三波春夫 “元禄名槍譜 俵星玄蕃” (????)

…全くの季節外れな選曲ですみません。

昭和の日本が生んだ史上最高峰のヴォーカリスト、三波春夫。大正12年(1923)新潟県に生まれ、昭和11年(1936)に家族と上京。当時の流行歌手=浪曲歌手に憧れ、昭和14年(1939)に日本浪曲学校に入学。浪曲家「南條文若/なんじょう ふみわか」として有名になるも、昭和19年(1944)に徴兵召集で満州に入営。ソ連と戦闘の末捕虜となり4年間シベリア抑留、昭和24年(1949)に帰国。浪曲師として再び活動するも既に浪曲人気は陰りがあり、世の中は演歌・大衆歌謡。そこで「三波春夫」と改名し歌謡曲を歌い始めます。そこで歌われた数々のヒット曲ー”チャンチキおけさ””大利根無情””東京五輪音頭””世界の国からこんにちは””雪の渡り鳥””船方さんよ””ルパン音頭”など、実に幅広い守備範囲。「お客様は神様です」の名言を生んだほど真摯なエンタテインメントへの姿勢は生涯変わらなかったといいます。平成13年(2001)4月、前立腺癌により77歳で逝去。

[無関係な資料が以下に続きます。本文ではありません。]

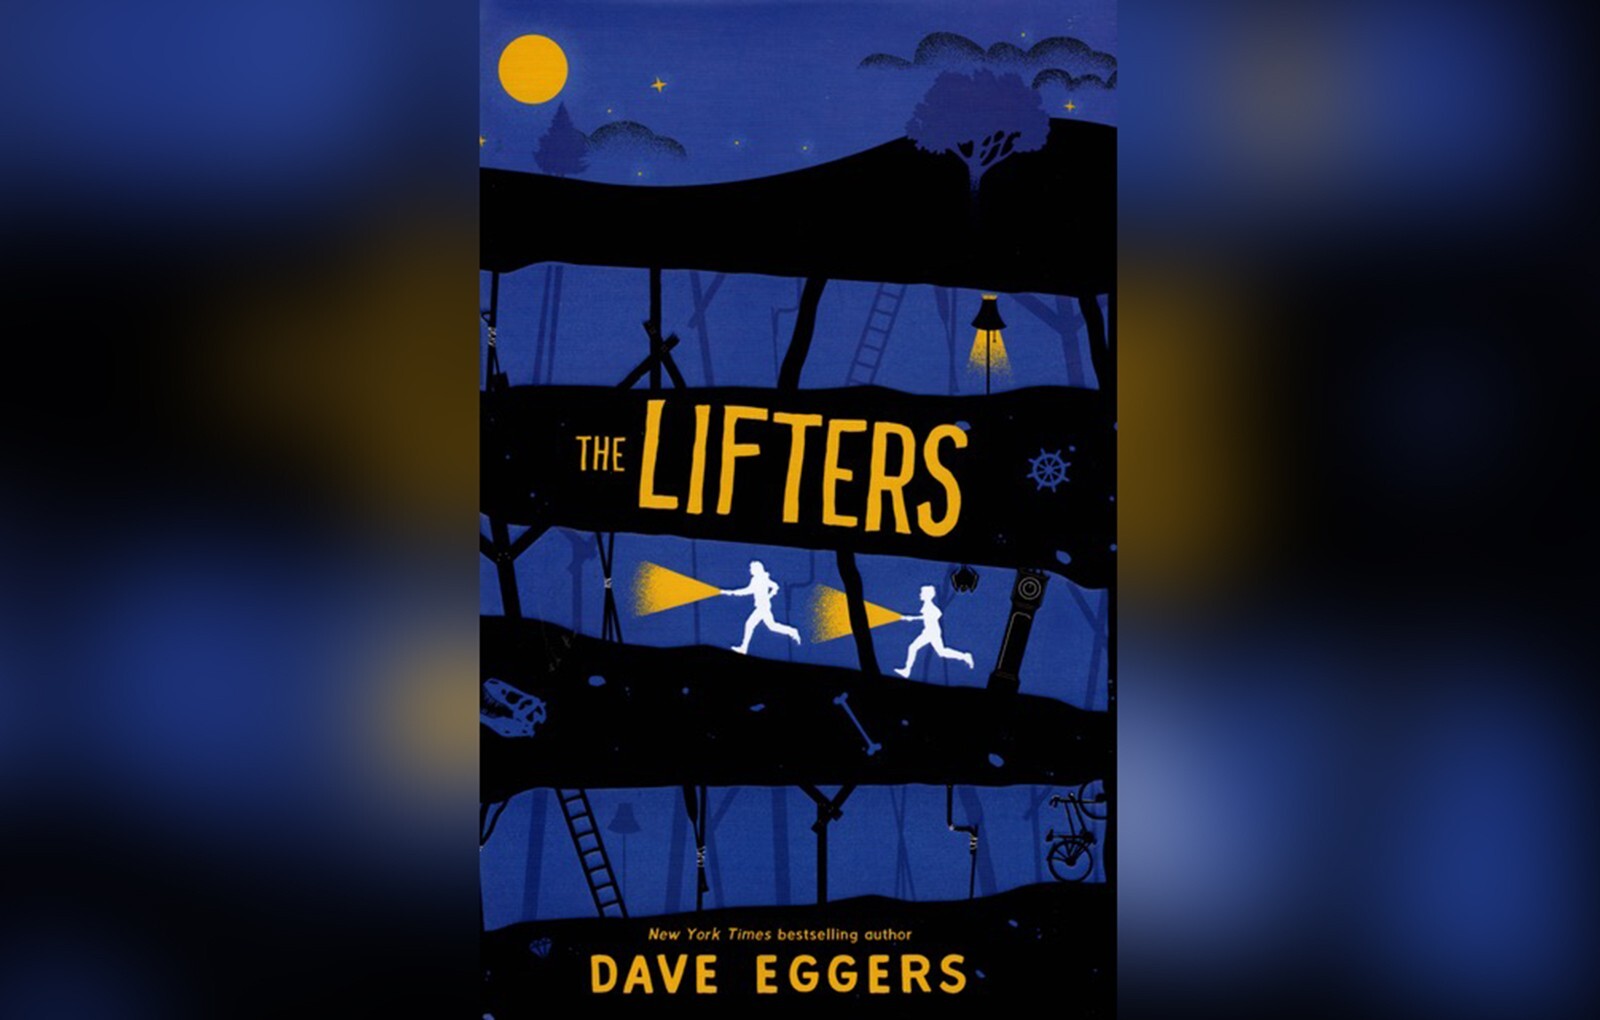 'The Lifters' is an entertaining mix of fantasy and real life from award-winning writer Dave Eggers.
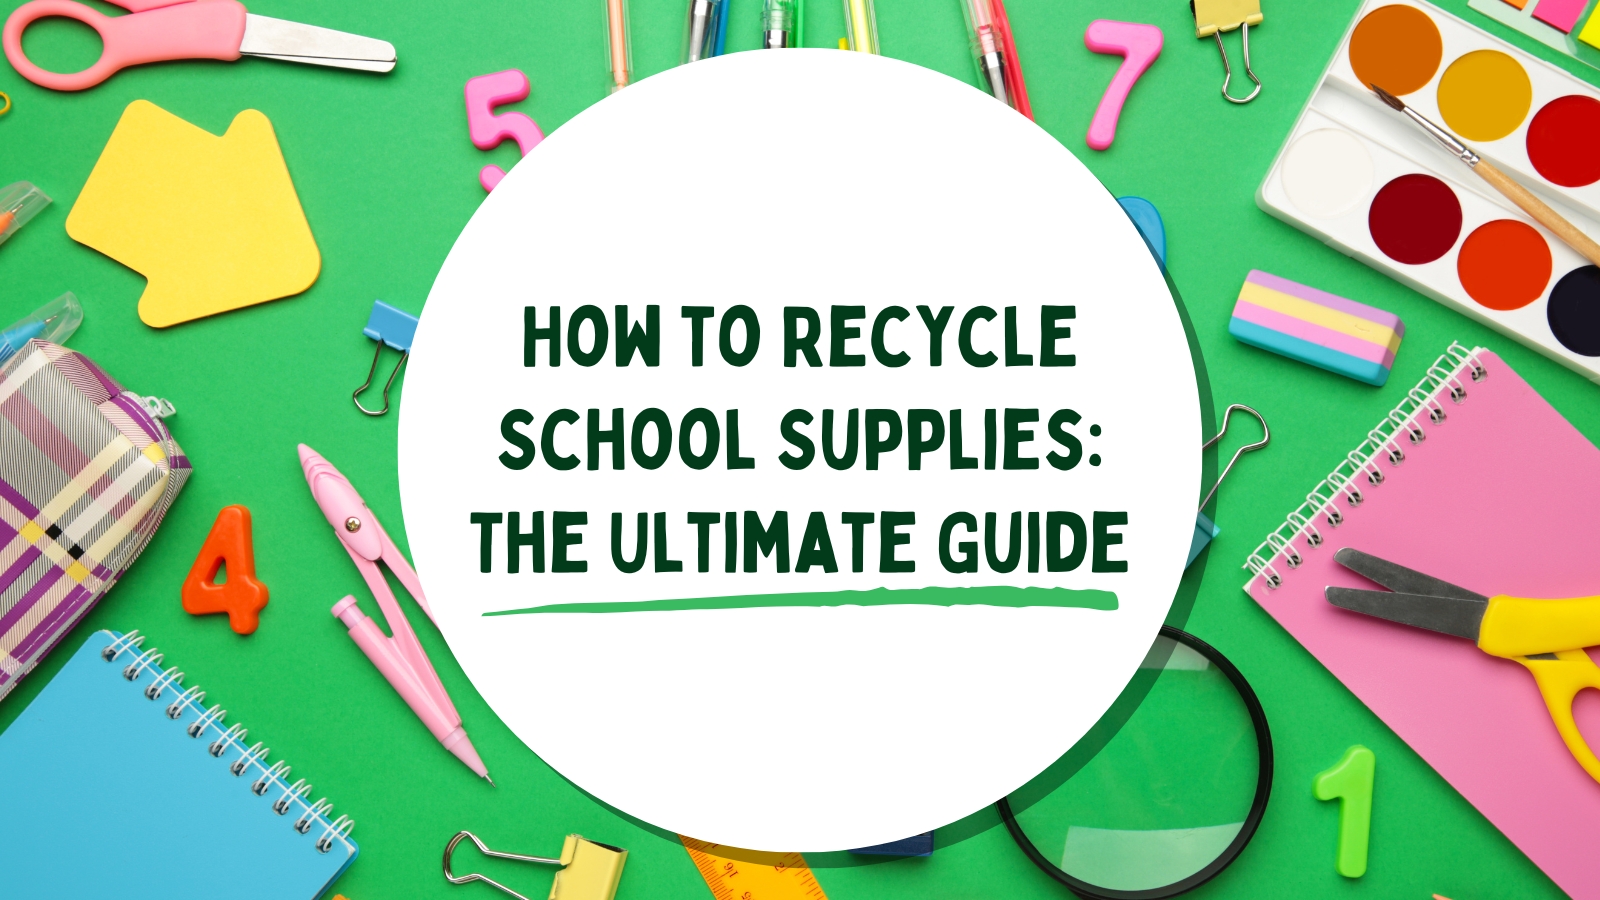 How To Recycle School Supplies: The Ultimate Guide

元禄名槍譜 俵星玄蕃”は三波の代表曲のひとつで、彼の出自である浪曲と歌謡曲を融合させた「長編歌謡浪曲」の最高傑作。作詞は三波自身、作曲は”大利根無情”などを書いた長津義司。「忠臣蔵」を題材に、架空の人物「俵星玄蕃」が主人公の物語で、歌唱部分とセリフ部分が入り組んだ壮大な楽曲です。「時に元禄十五年十二月十四日、江戸の夜風をふるわせて、響くは山鹿流儀の陣太鼓、しかも一打ち二打ち三流れ、思わずハッと立ち上がり…」という名調子がカッコよく、私のお気に入りでもあります。
この映像の詳細は不明ですが、前奏前セリフ込みの完全版です(尺が長いので当時、歌番組ではかなり省略されることが多かったのでこれは貴重)。

槍の名手・俵星玄蕃。高家旗本の吉良家から付き人の話があるも、赤穂藩主切腹の事件への不信から、これを断っていました。そして、吉良邸近くで細々と蕎麦屋を営むとある男を赤穂浪士と見抜きつつ、名を聞くような野暮はせず、何かの役に立てばと、自身の槍の技術を彼に伝えます。
そしてある夜、山鹿流陣太鼓の音を聞き、ついに赤穂浪士が君主の敵討ちを行うと確信、吉良邸に駆けつけ蕎麦屋を探しつつ、赤穂藩家老・大石内蔵助に助太刀を申し出ます。大石は感謝するもそれを断ると、そこに蕎麦屋が現れます。「先生!」「おお、蕎麦屋か!」という有名なセリフがありますが、この蕎麦屋は杉野十兵次という赤穂浪士でした。そして悲願の仇討ちは成就されますが、赤穂浪士たちは死刑。まさに「命惜しむな 名おこそ惜しめ」となった彼らに俵星は最後ひと知れず涙するーーーというお話です。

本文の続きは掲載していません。